TASK REQUIREMENTS:
Set the material down again exactly, line by line, skipping each picture.

EXTRACTED MATERIAL below:

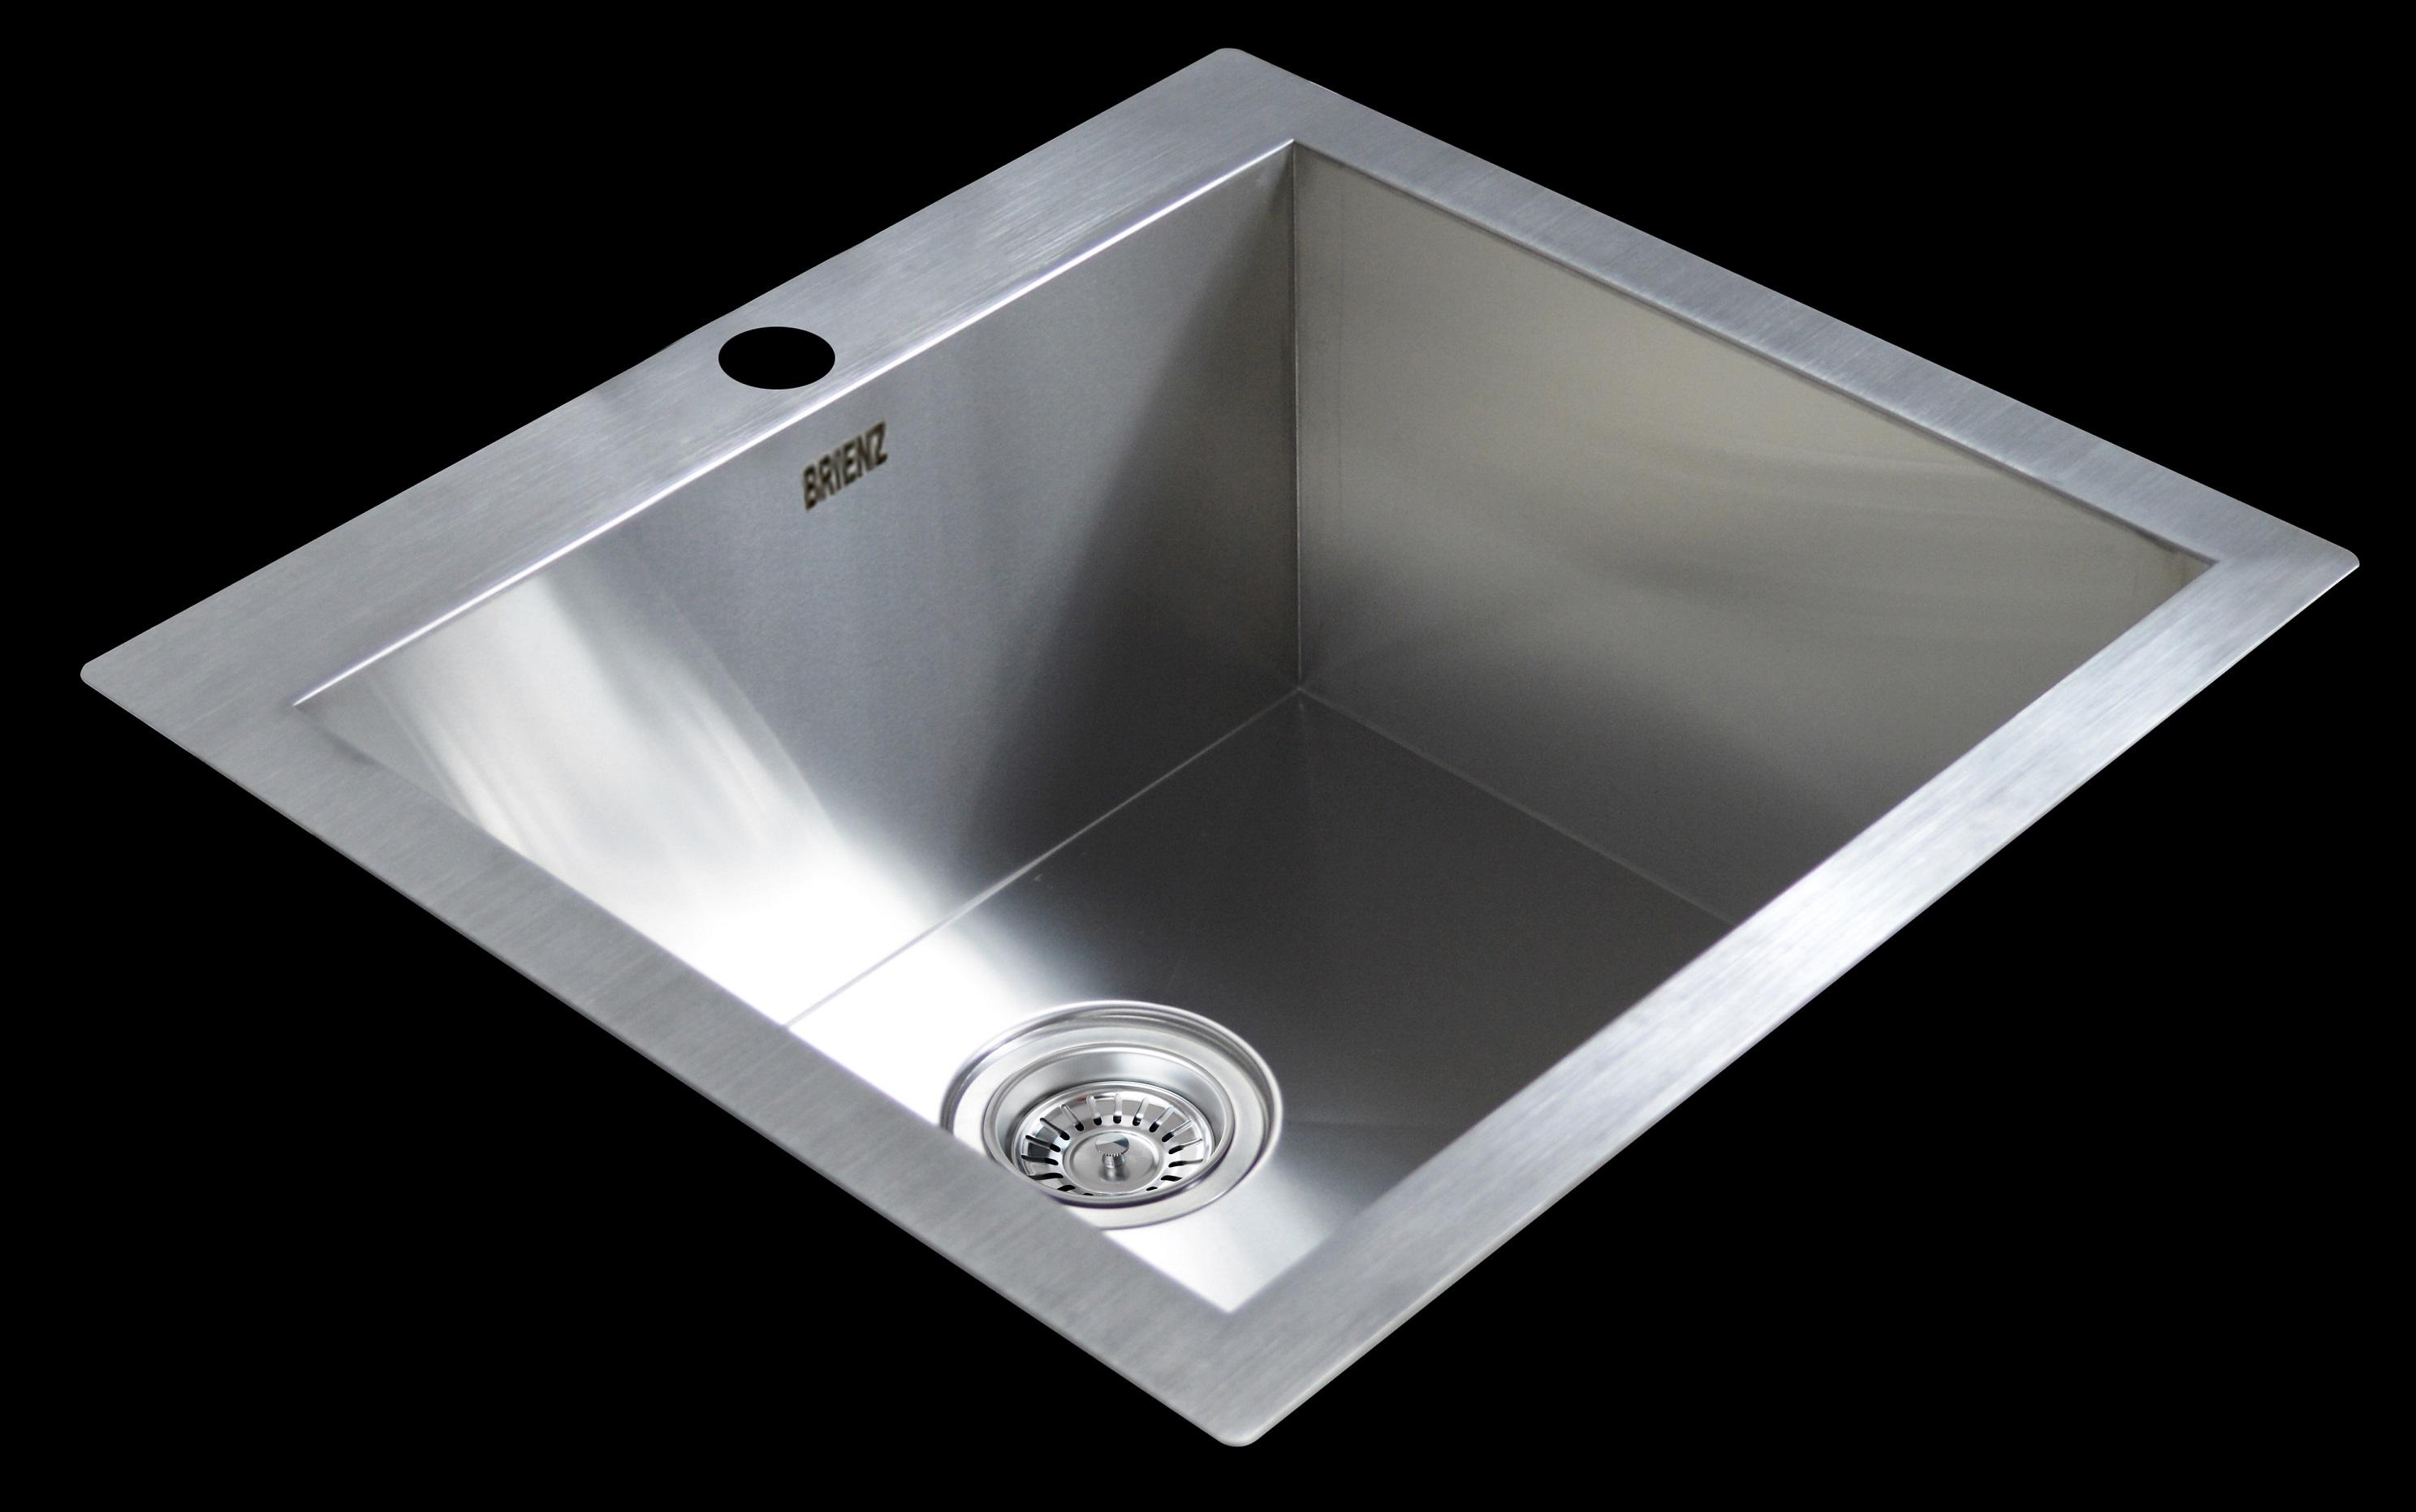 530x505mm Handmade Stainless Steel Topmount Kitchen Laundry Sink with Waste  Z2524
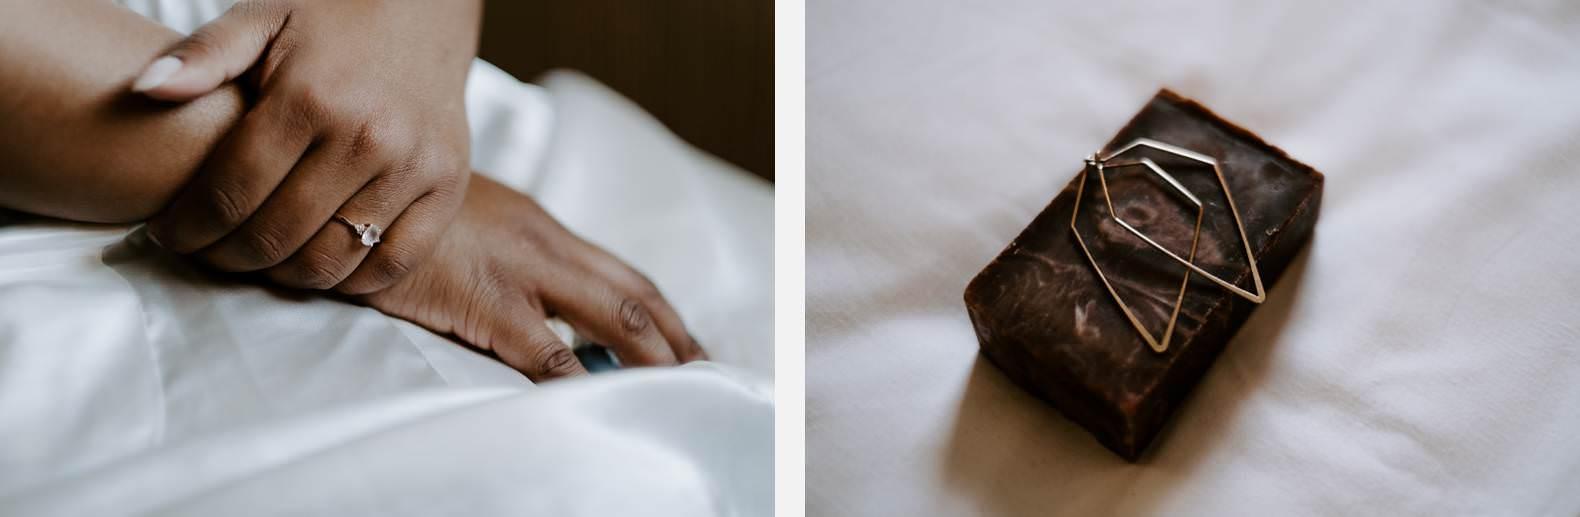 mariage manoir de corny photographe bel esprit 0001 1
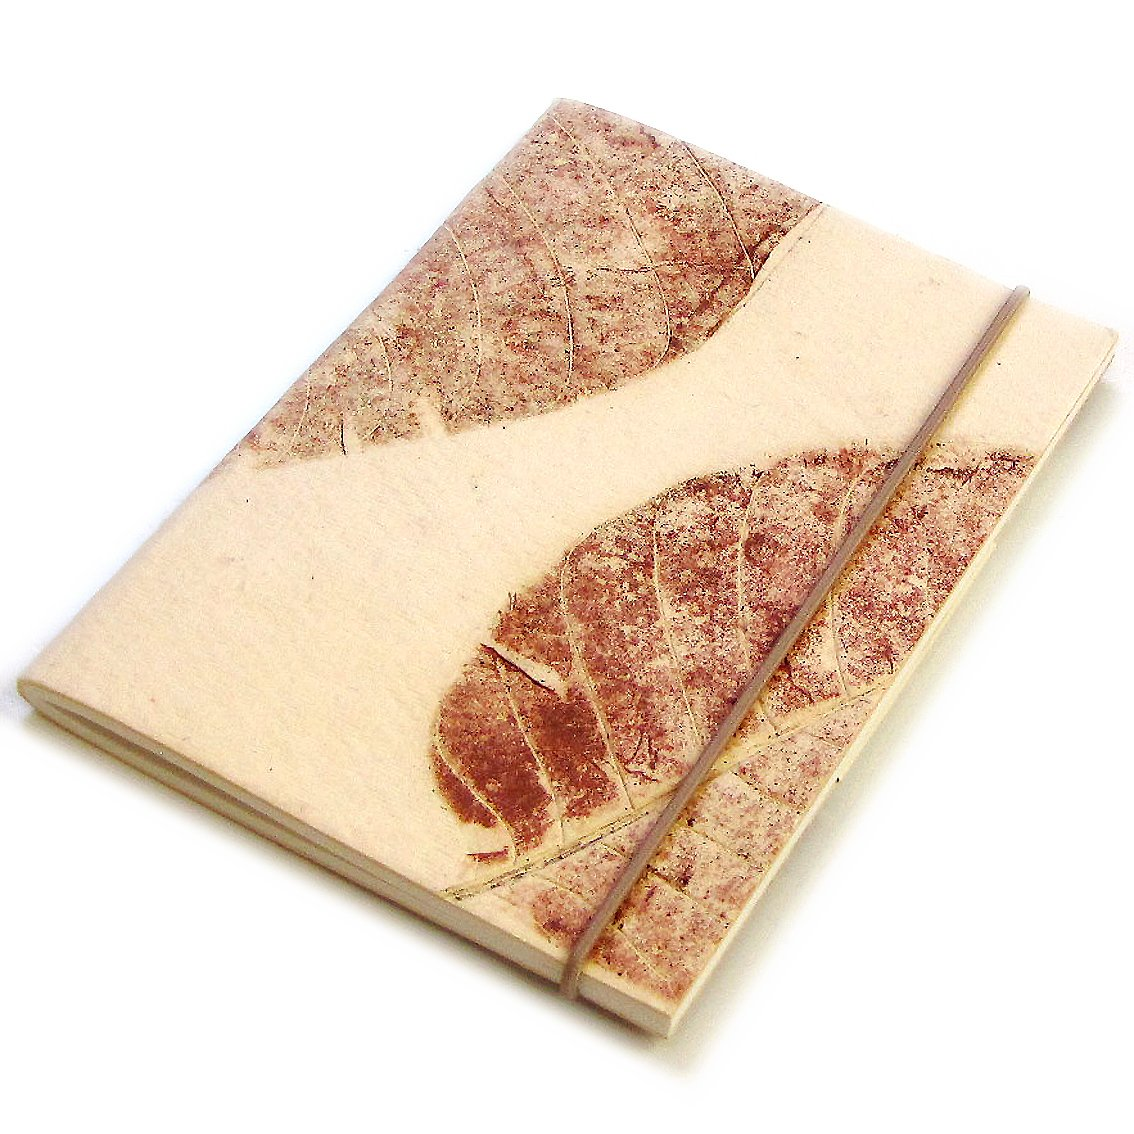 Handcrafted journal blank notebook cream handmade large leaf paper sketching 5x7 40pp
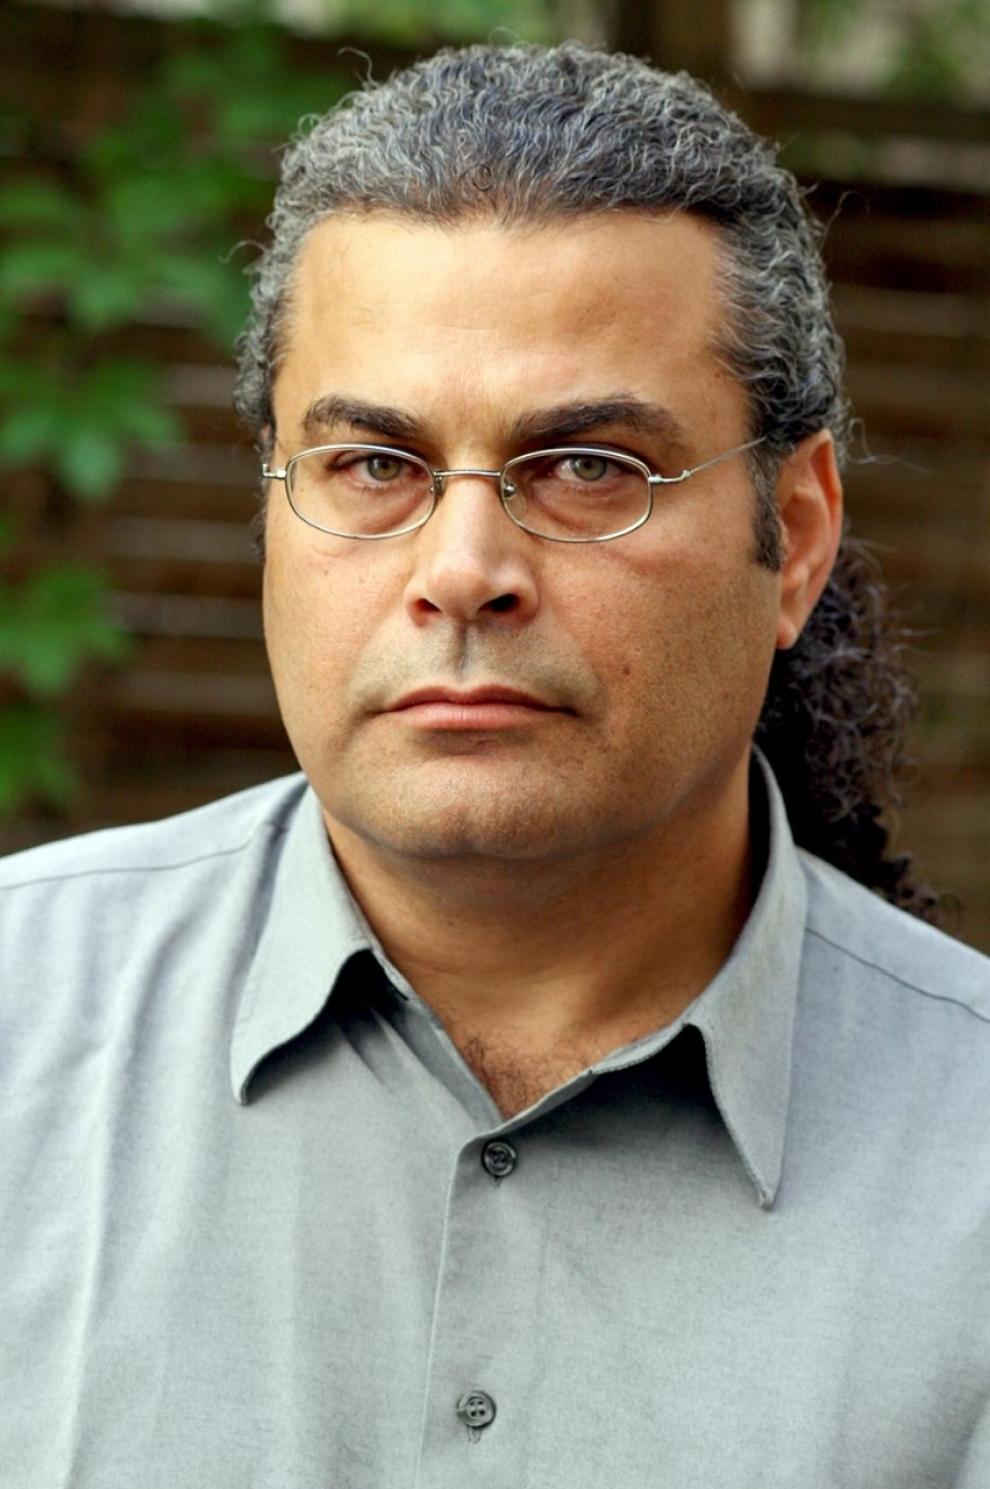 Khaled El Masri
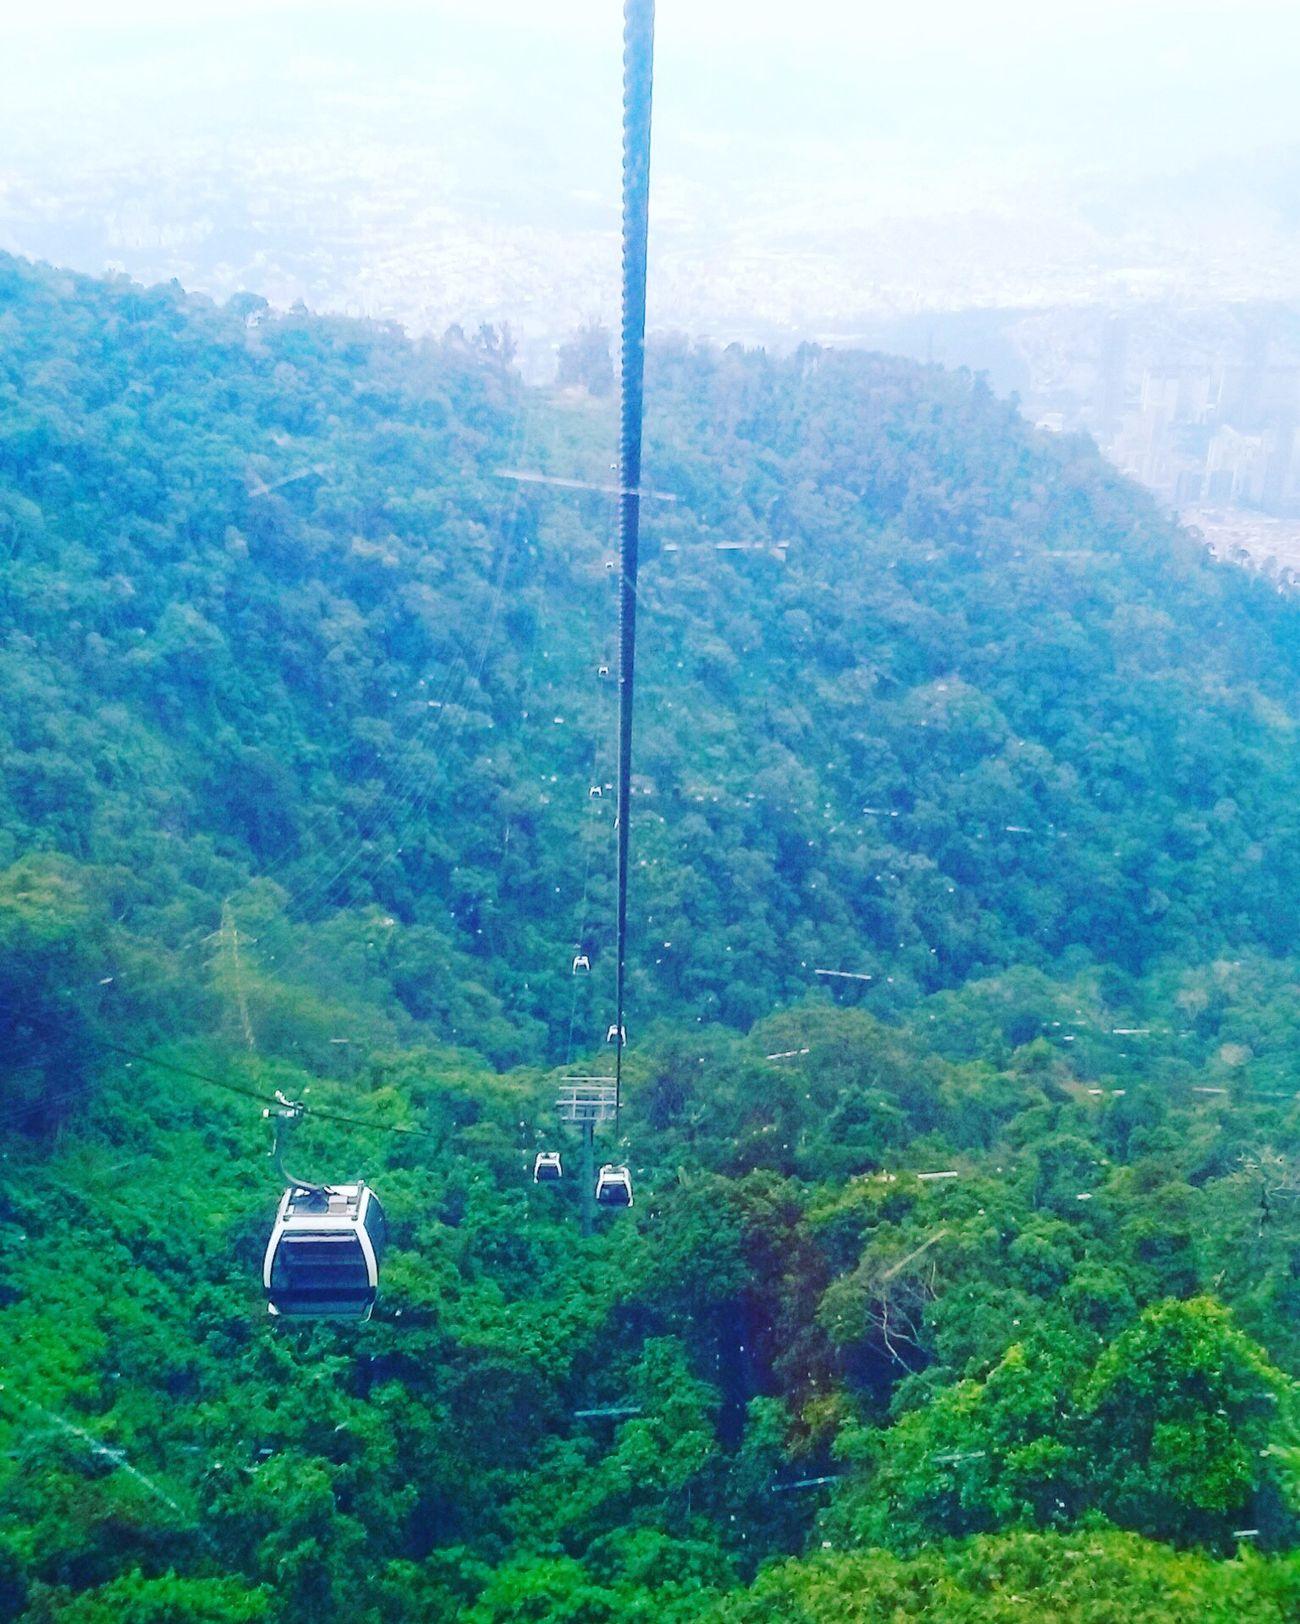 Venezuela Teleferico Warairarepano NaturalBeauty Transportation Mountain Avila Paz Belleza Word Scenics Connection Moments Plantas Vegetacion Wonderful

End of EXTRACTED MATERIAL.

RESULT BELOW:
 530x505mm Handmade Stainless Steel Topmount Kitchen Laundry Sink with Waste  Z2524
 mariage manoir de corny photographe bel esprit 0001 1
 Handcrafted journal blank notebook cream handmade large leaf paper sketching 5x7 40pp
 Khaled El Masri
 Venezuela Teleferico Warairarepano NaturalBeauty Transportation Mountain Avila Paz Belleza Word Scenics Connection Moments Plantas Vegetacion Wonderful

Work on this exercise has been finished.